Untuk itu, Ketua Umum IJTI Herik Kurniawan meminta agar regulasi ini semata mata untuk menciptakan rasa keadilan bagi seluruh penerbit media termasuk yang berskala menengah maupun kecil sehingga tercipta ekosistem media digital yang sehat, berkualitas, profesional dan mensejahterakan para jurnalisnya.

Logo Google. [Kai Wenzel/Unsplash]
Logo Google. [Kai Wenzel/Unsplash]

"Regulasi ini dibuat untuk memastikan media yang memproduksi dan melaksanakan kerja kerja jurnalistik yang berkualitas dapat terus tumbuh. Jangan sampai regulasi ini hanya menguntungkan pihak tertentu saja. Sementara banyak penerbit kecil, lokal, dan independen, yang juga harus terlindungi oleh adanya aturan semacam ini," jelasnya.

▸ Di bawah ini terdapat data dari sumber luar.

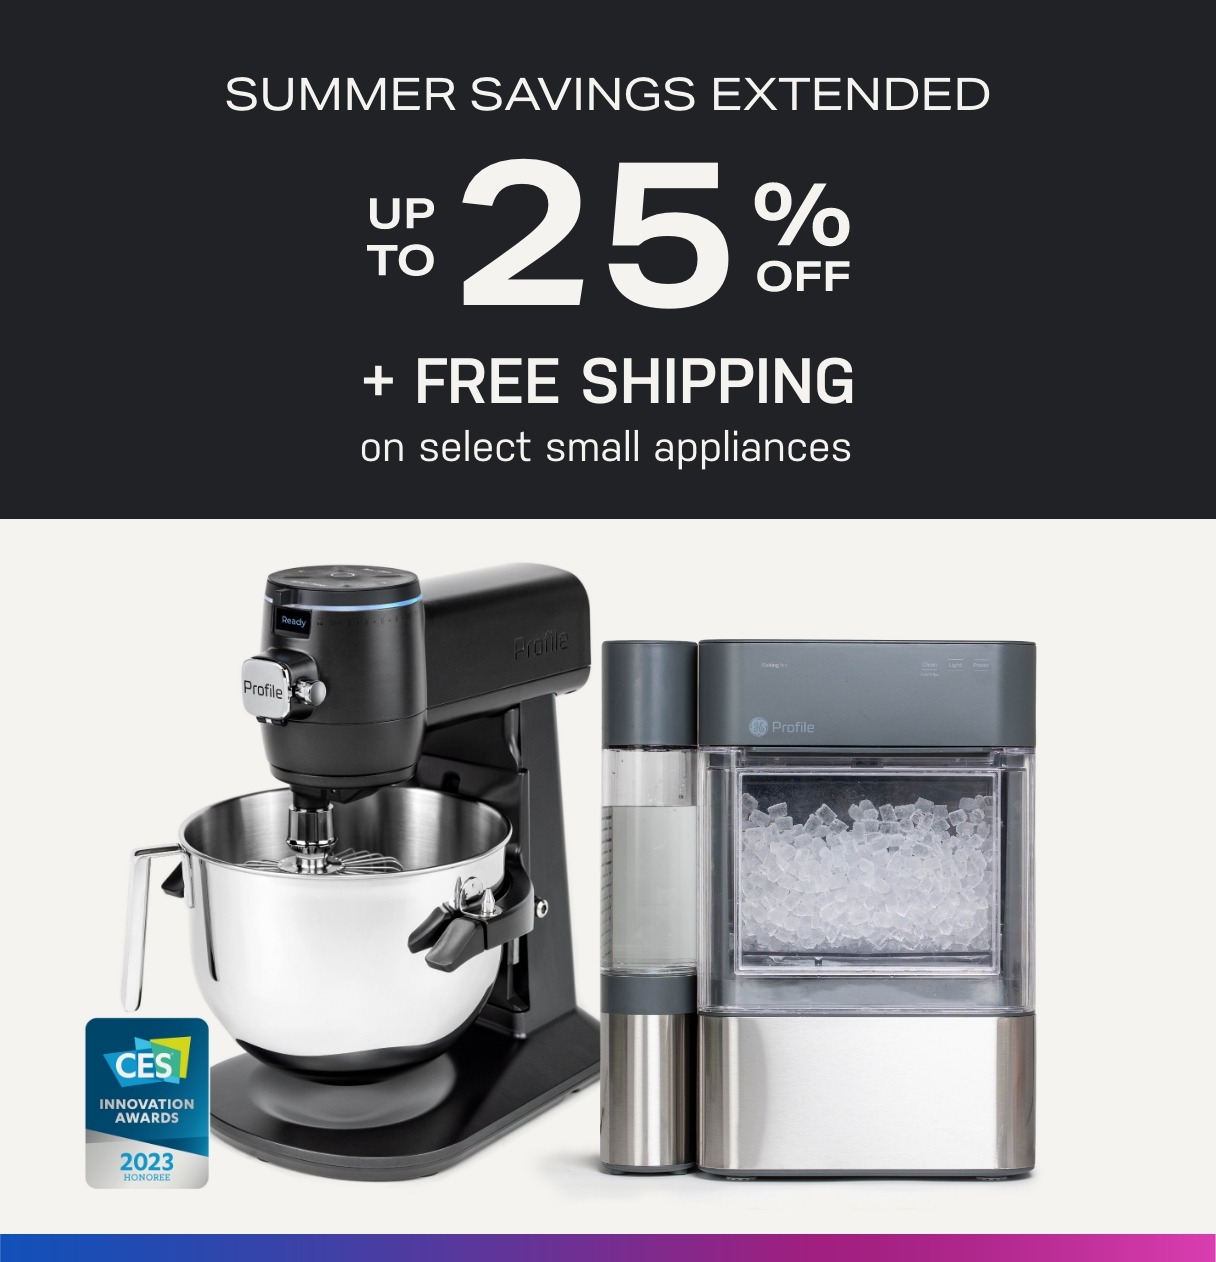 Save up to 25% OFF select GE & GE Profile Small Appliances

Google Indonesia merespon rencana penandatanganan Perpres Publishers Rights ini dengan sebuah siaran pers pada 25 Juli 2023 yang menegaskan rencana mereka untuk tak lagi menayangkan konten berita di platformnya.

Aksi serupa pernah dilakukan Google di Australia dan Kanada. Di Australia, perusahaan teknologi itu akhirnya melunak setelah pemerintah setempat melakukan renegosiasi dengan tawaran win-win solution.

Jika ancaman Google benar-benar dilaksanakan, maka platform mesin pencari Google dan situs agregator video Youtube, tidak akan lagi menayangkan konten yang berasal dari penerbit media di Indonesia.

Selain kehilangan traffic pembaca, penerbit media juga berpotensi kehilangan miliaran rupiah pendapatan yang selama ini disalurkan oleh perusahaan teknologi raksasa tersebut.

Publik juga bakal kehilangan akses pada informasi penting dan kredibel yang diproduksi redaksi media massa, di periode krusial menjelang Pemilihan Umum 2024.

Desakan AMSI, AJI, IJTI dan IDA agar Presiden Joko Widodo mengkaji kembali isi Perpres Publishers Rights sesuai dengan prinsip global untuk relasi yang lebih adil antara penerbit media dan korporasi teknologi yang dirumuskan di Johannesburg, Afrika Selatan, pada 14 Juli 2023.

Didukung oleh 75 penerbit, jurnalis dan peneliti media dari 25 negara di dunia, prinsip ini menegaskan pentingnya setiap mekanisme yang mengatur hubungan platform digital dan perusahaan media tetap mengedepankan prinsip transparansi dan akuntabilitas.

AMSI dan AJI merupakan dua organisasi dari Indonesia yang terlibat dalam perumusan prinsip global tersebut.

Ilustrasi kecerdasan buatan (Shutterstock).
Ilustrasi kecerdasan buatan (Shutterstock).

Peraturan Publishers Rights diharapkan tidak hanya mengatur soal kompensasi untuk konten berita, tapi juga melindungi hak cipta dari penerbit media yang kini terancam oleh keberadaan
mesin kecerdasan buatan (Generative AI).

Keberadaan aturan yang bisa mengakomodasi
kepentingan penerbit media dan platform digital di tengah berbagai perubahan teknologi saat ini adalah solusi ideal untuk memastikan ekosistem informasi digital lebih kredibel dan bermanfaat bagi publik.